» **Directions**:
Please, from the entries below, transcribe exactly the lines that begin at the line with "パナシア】 PCA PA301G 納品書 【4枚複写】 (200枚)" and end at the line with "Una mujer trepadora", without the pictures.

» **Records for this task**:
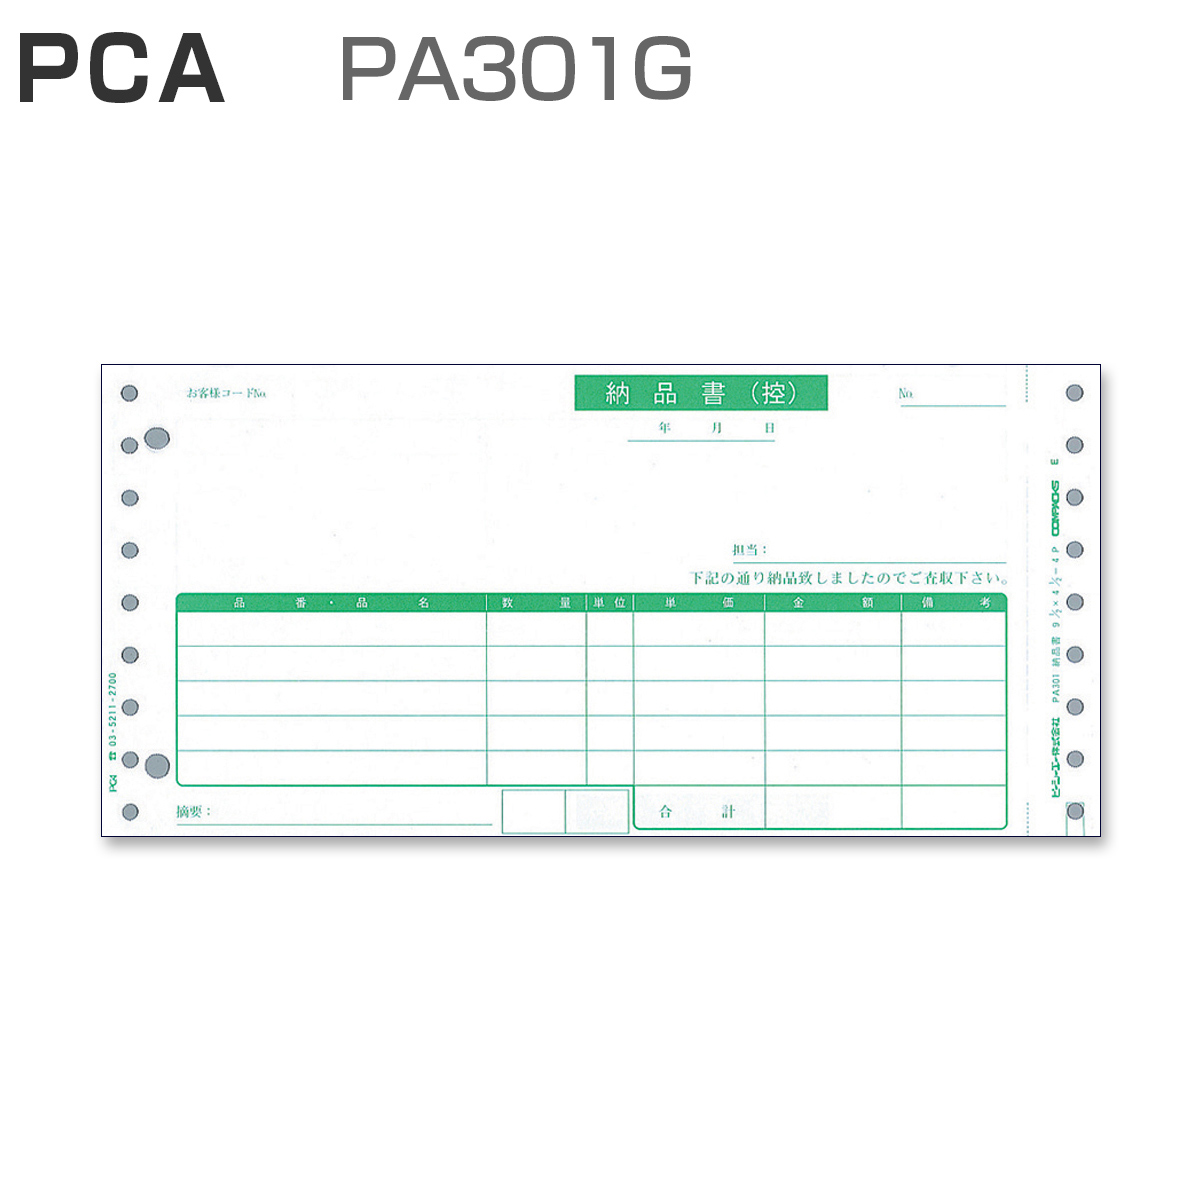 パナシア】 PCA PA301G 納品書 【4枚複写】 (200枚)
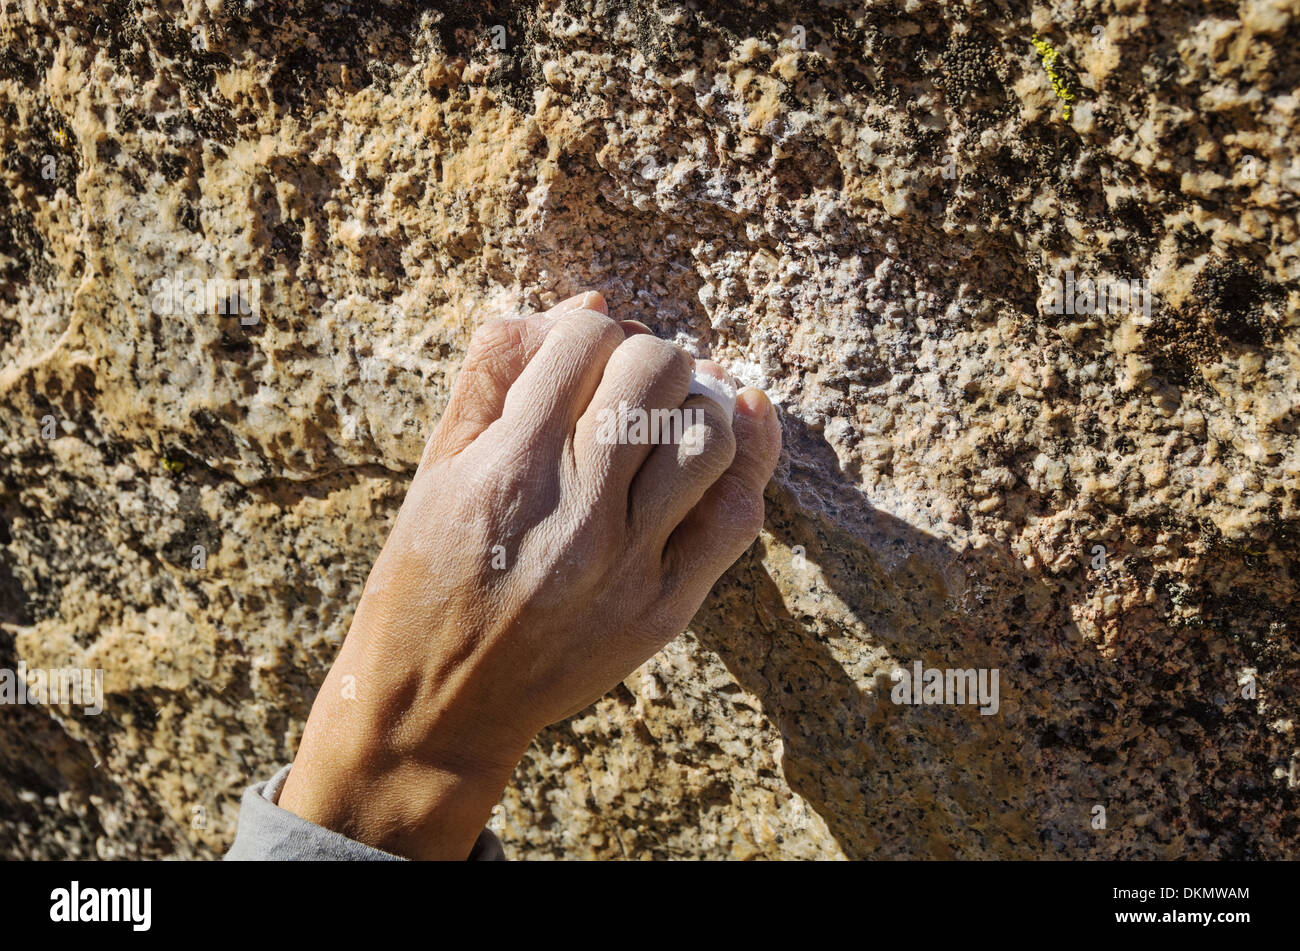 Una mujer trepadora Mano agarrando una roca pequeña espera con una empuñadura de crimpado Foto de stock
* * *
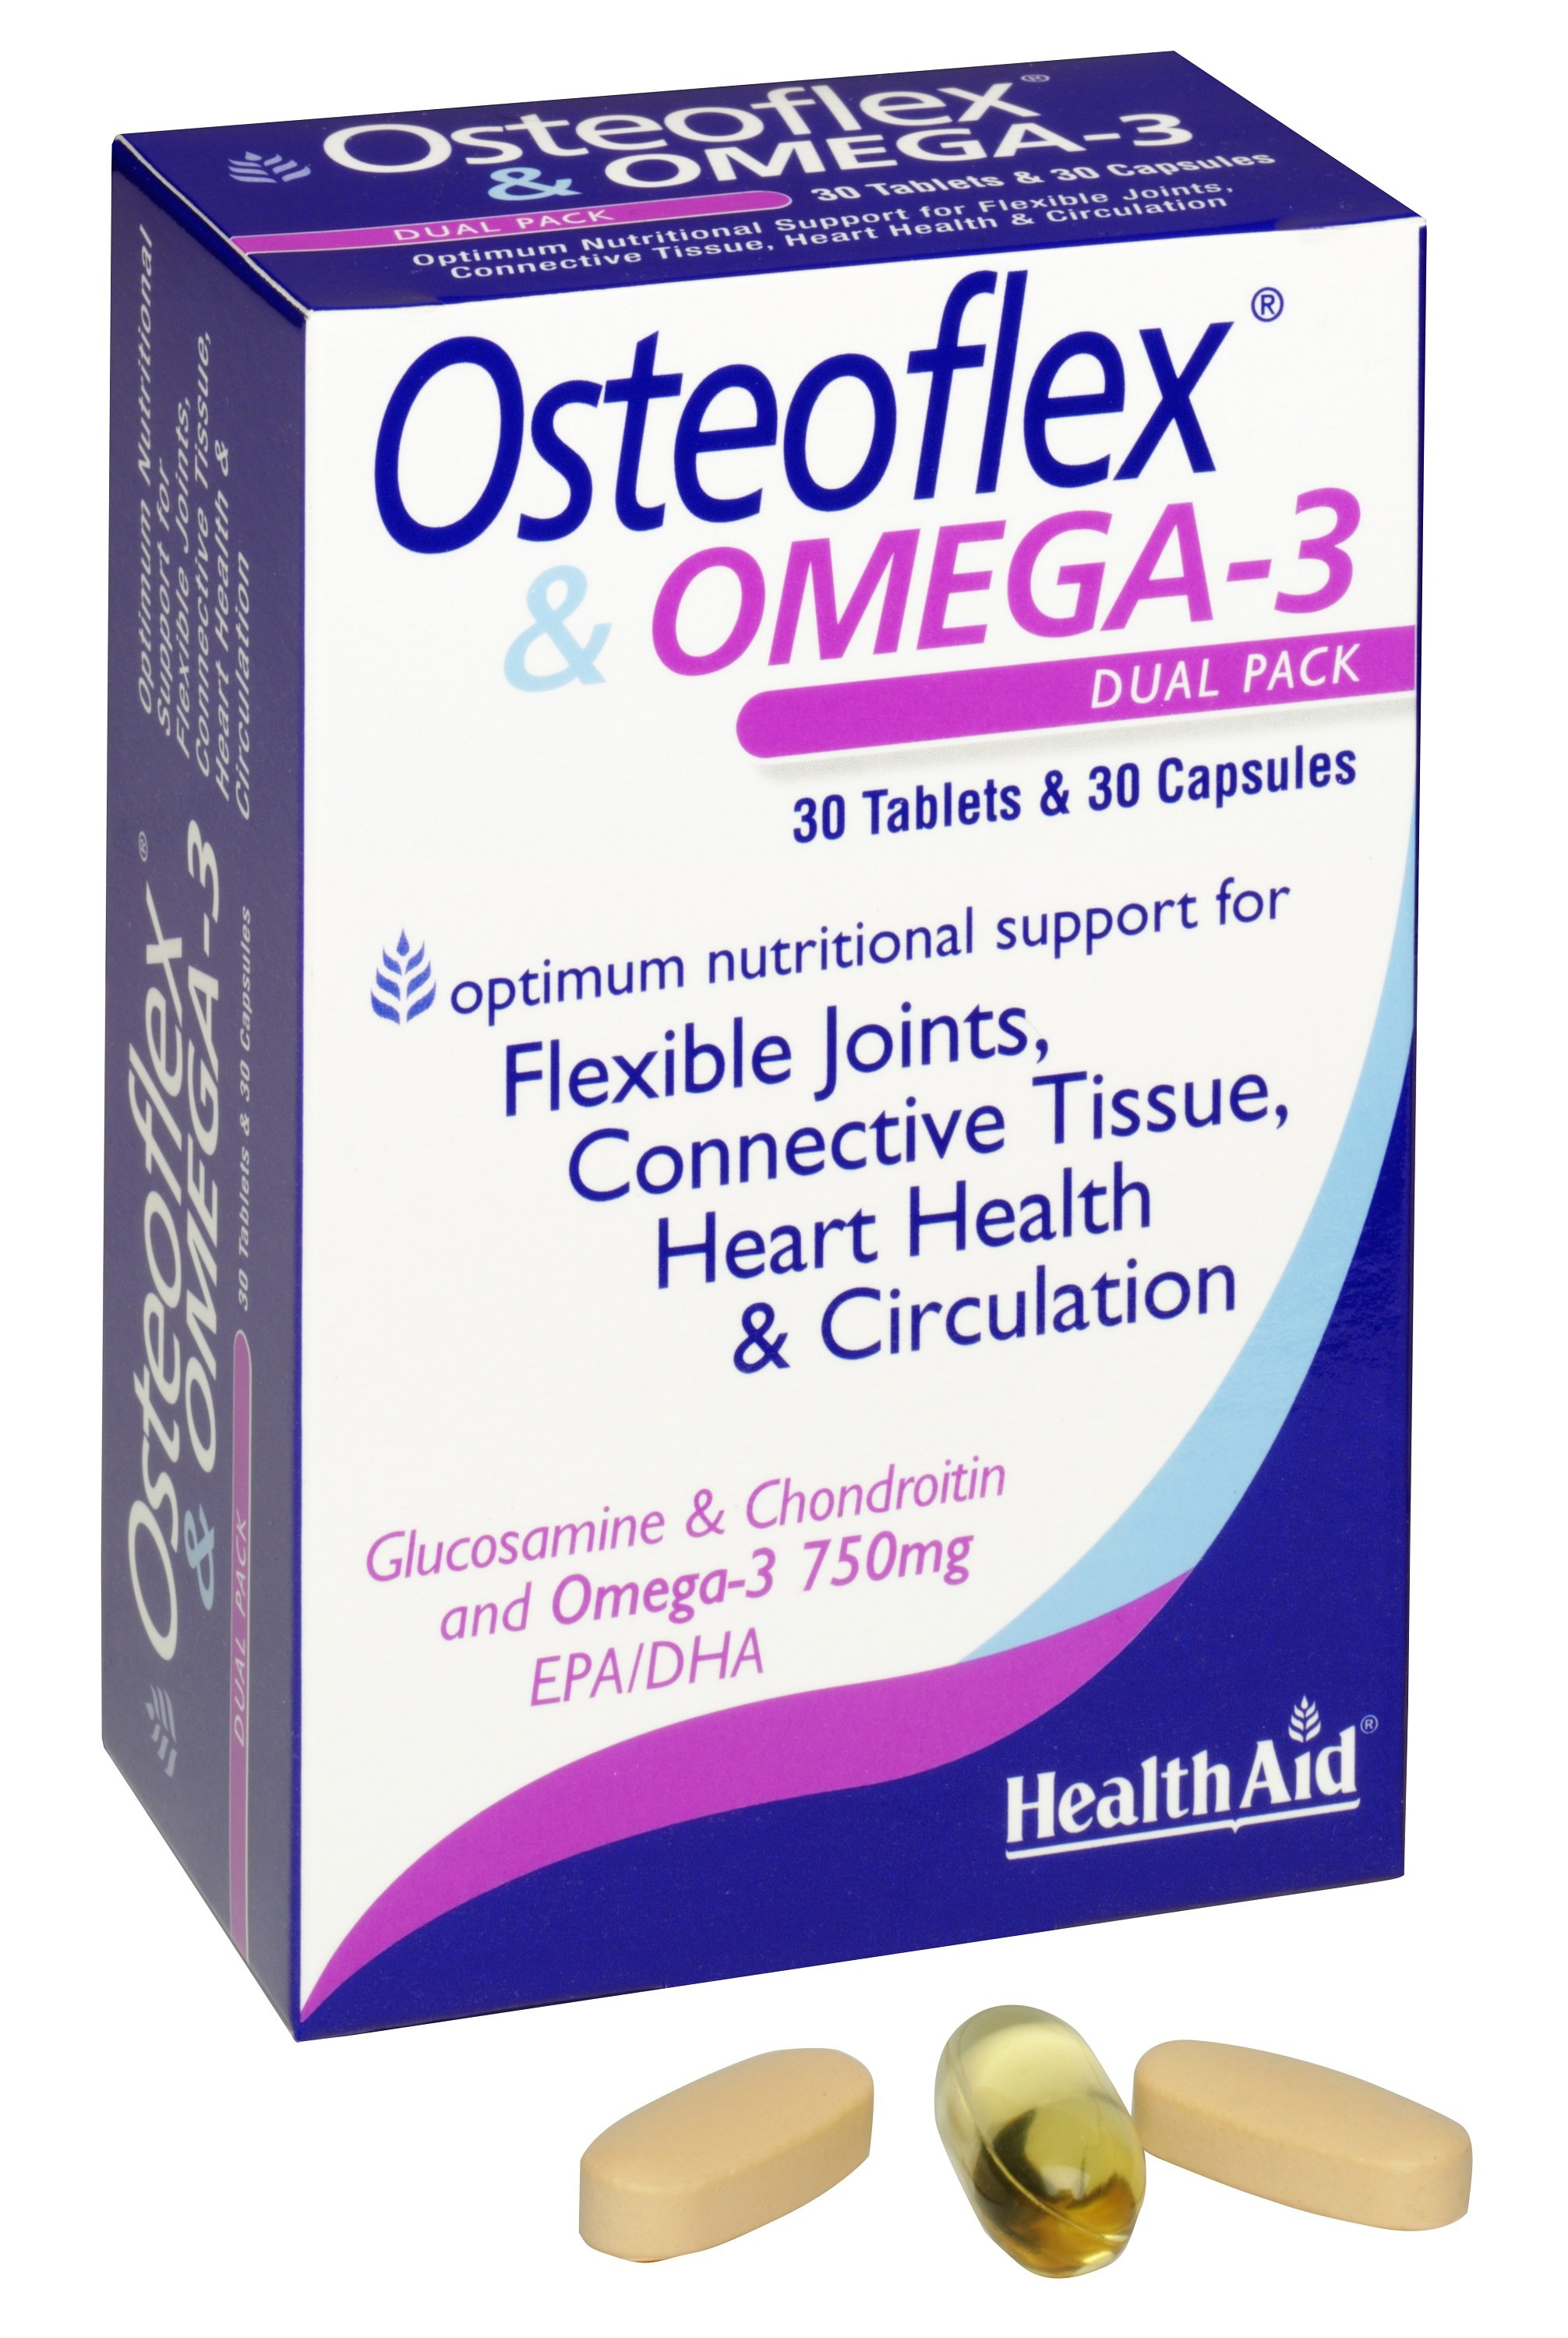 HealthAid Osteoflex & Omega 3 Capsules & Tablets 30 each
==
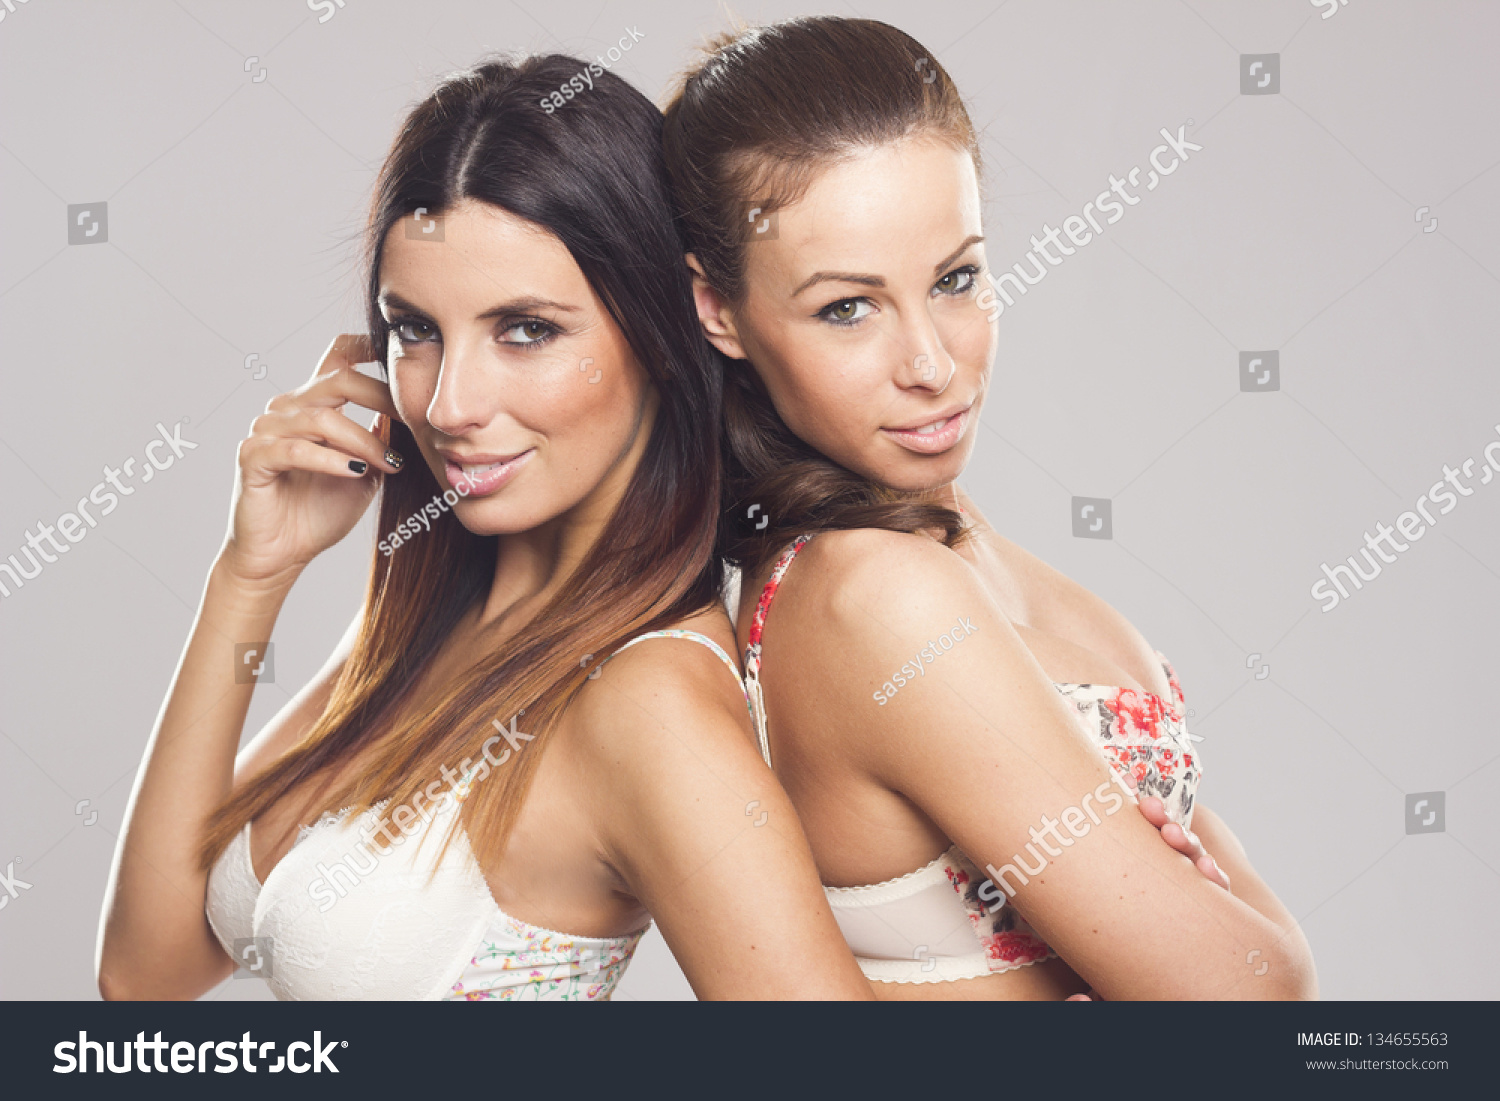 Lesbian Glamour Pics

» **Written answer**:
 パナシア】 PCA PA301G 納品書 【4枚複写】 (200枚)
 Una mujer trepadora Mano agarrando una roca pequeña espera con una empuñadura de crimpado Foto de stock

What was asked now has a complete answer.